*** Dataset section ***

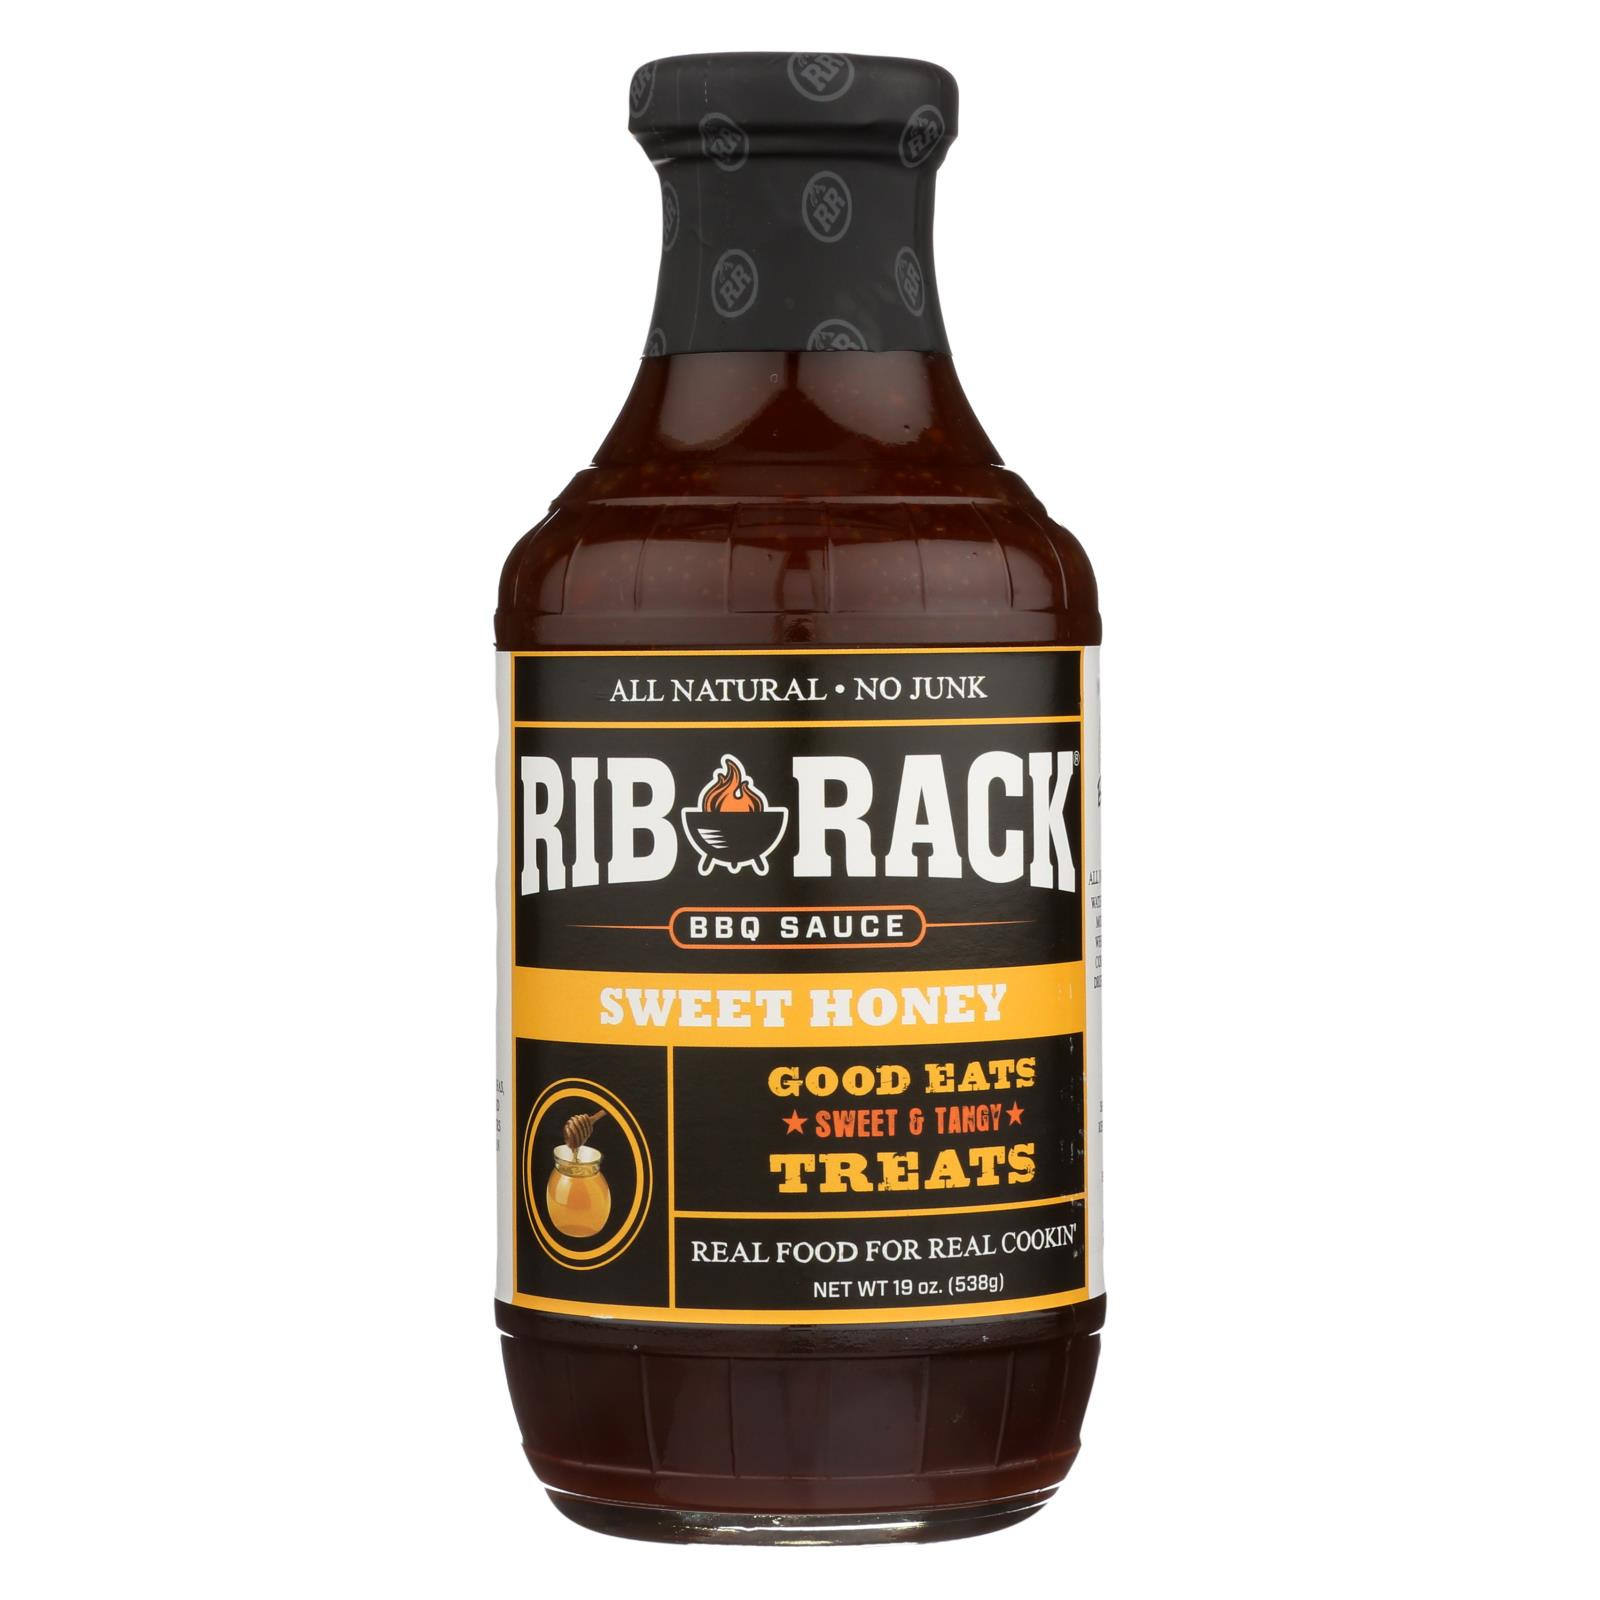 Rib Rack Bbq Sauce
 Rib Rack BBQ Sauce Sweet Honey Case of 6 19 oz
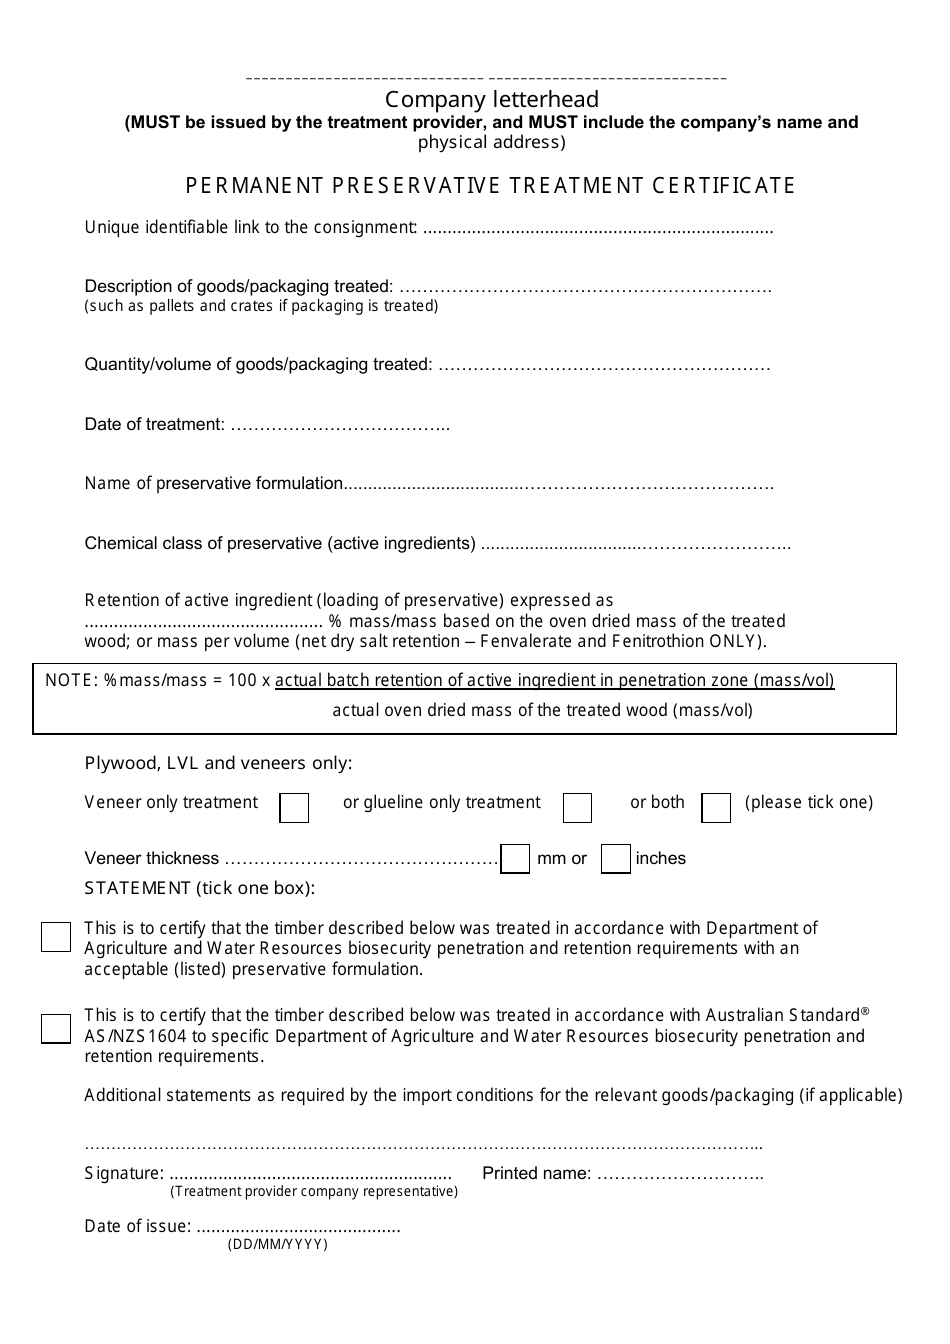 Permanent Preservative Treatment Certificate Form - Australia, Page 1

*** End of Dataset section ***

With the images omitted, repeat all the data word for word.

 Rib Rack Bbq Sauce
 Rib Rack BBQ Sauce Sweet Honey Case of 6 19 oz
 Permanent Preservative Treatment Certificate Form - Australia, Page 1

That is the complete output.